Несоответственных идей у нас много, и они-то и придавливают. Идея вдруг падает у нас на человека, как огромный камень, и придавливает его наполовину, – и вот он под ним корчится, а освободиться не умеет. Иной соглашается жить и придавленный, а другой не согласен и убивает себя. Чрезвычайно характерно одно письмо одной самоубийцы, девицы, приведённое в «Новом времени», длинное письмо. Ей было двадцать пять лет. Фамилия – Писарева. Была она дочь достаточных когда-то помещиков, но приехала в Петербург и отдала долг прогрессу, поступила в акушерки. Ей удалось, она выдержала экзамен и нашла место земской акушерки; сама свидетельствует, что не нуждалась вовсе и могла слишком довольно заработать, но она устала, она очень «устала», так устала, что ей захотелось отдохнуть. «Где же лучше отдохнёшь, как не в могиле?» Но устала она действительно ужасно! всё письмо этой бедной дышит усталостью.
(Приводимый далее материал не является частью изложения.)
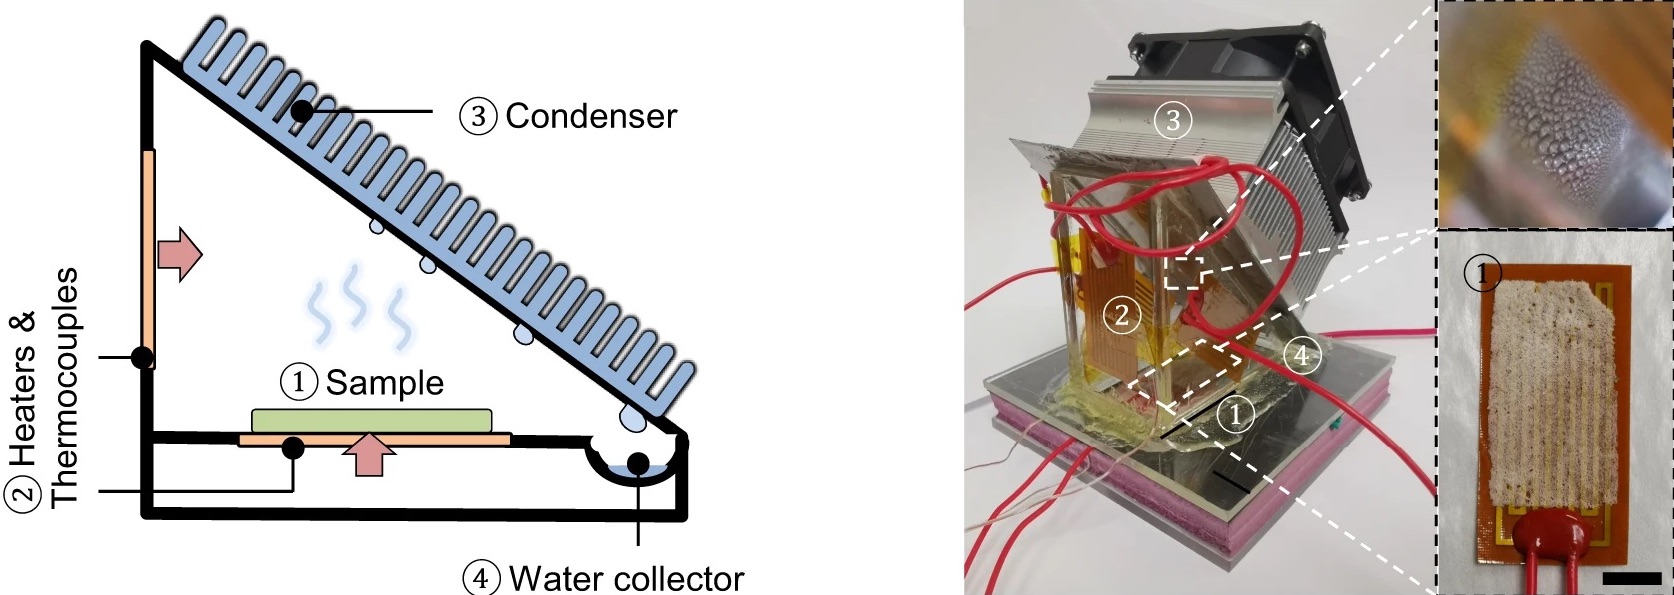 on the left, and illustrated side-view diagram of the device which has a triangular shape of a flat bottom and side, with a metal unit with short tubes sticking out of it at a 45 degree angle. its labels read: "1) sample, 2) heaters & thermocouples, 3) condenser, 4) water collector. on the right is a photograph of the unit with matching numbers for the labels denoting certain compenents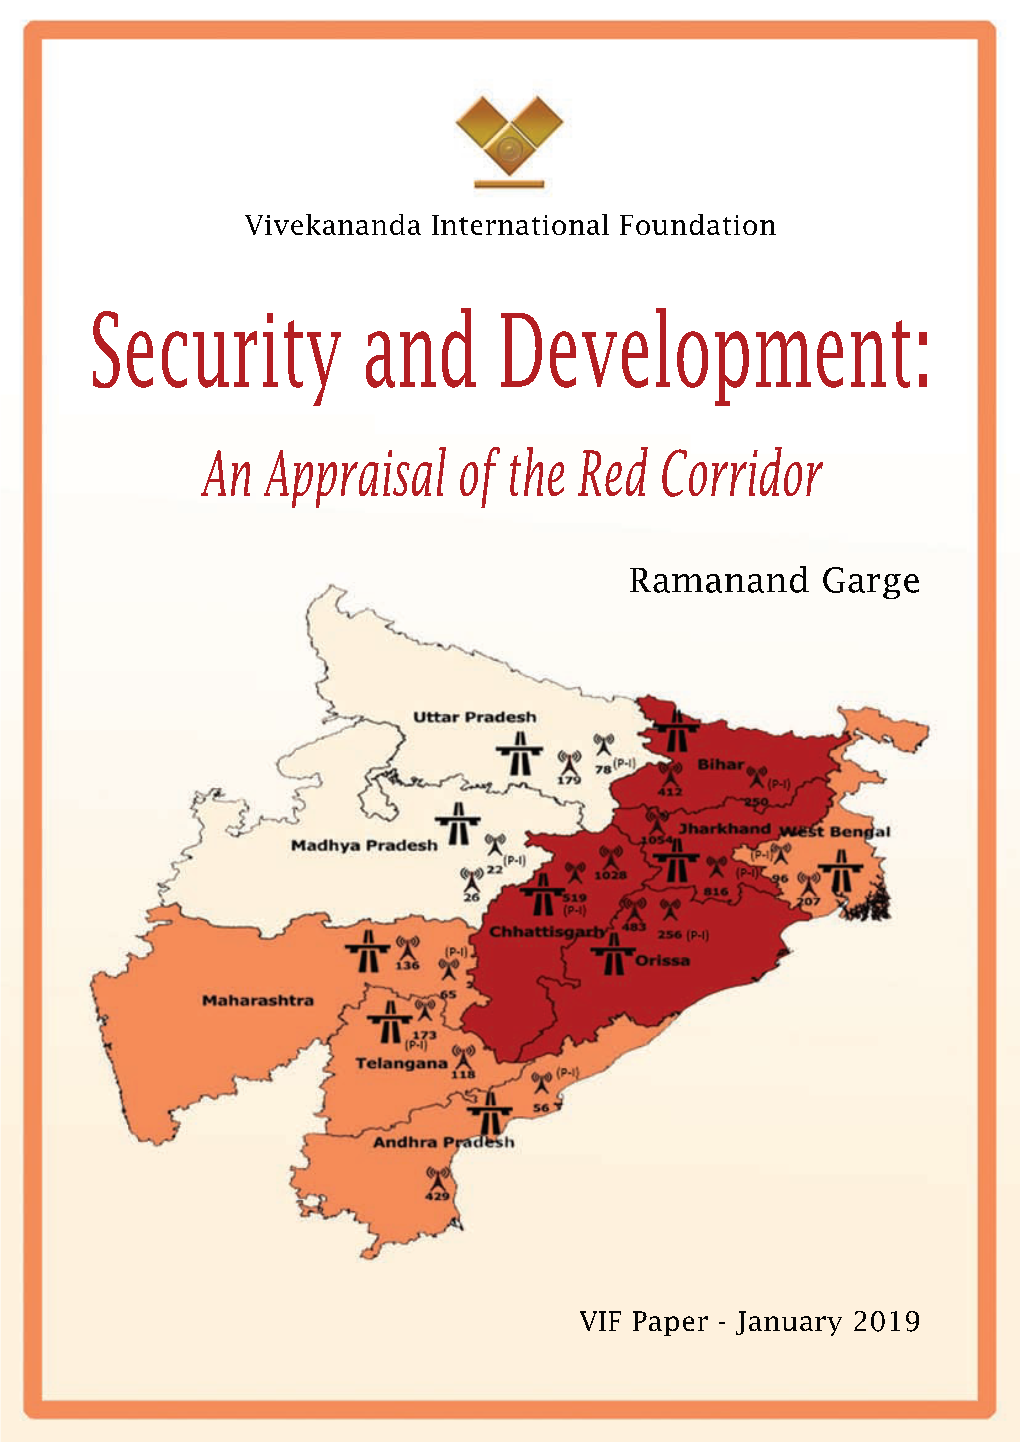 An Appraisal of the Red Corridor

Письмо даже сварливо, нетерпеливо: отстаньте только, я устала, устала. «Не забудьте велеть стащить с меня новую рубашку и чулки, у меня на столике есть старая рубашка и чулки. Эти пусть наденут на меня». Она не пишет снять, а стащить, – и всё так, то есть во всём страшное нетерпение. Все эти резкие слова от нетерпения, а нетерпение от усталости; она даже бранится: «Неужели вы верили, что я домой поеду? Ну, на кой чёрт я туда поеду?» Или: «Теперь, Липарёва, простите Вы меня и пусть простит Петрова (у которой на квартире она отравилась), в особенности Петрова. Я делаю свинство, пакость…» Родных своих она, видимо, любит, но пишет: «Не давайте знать Лизаньке, а то она скажет сестре, и та приедет выть сюда. Я не хочу, чтобы надо мной выли, а родственники все без исключения воют над своими родными». Воют, а не плачут, – всё это, видимо, от брюзгливой и нетерпеливой усталости: поскорей, поскорей бы только – и дайте покой!.. Брезгливого и цинического неверия в ней страшно, мучительно много; она и в Липарёву, и в Петрову, которых так любит, не верит. Вот слова, которыми начинается письмо: «Не теряйте головы, не ахайте, сделайте над собой усилие и прочтите до конца; а потом рассудите, как лучше сделать. Петрову не пугайте. Может быть, ничего не выйдет, кроме смеха. Мой вид на жительство в чемоданной крышке».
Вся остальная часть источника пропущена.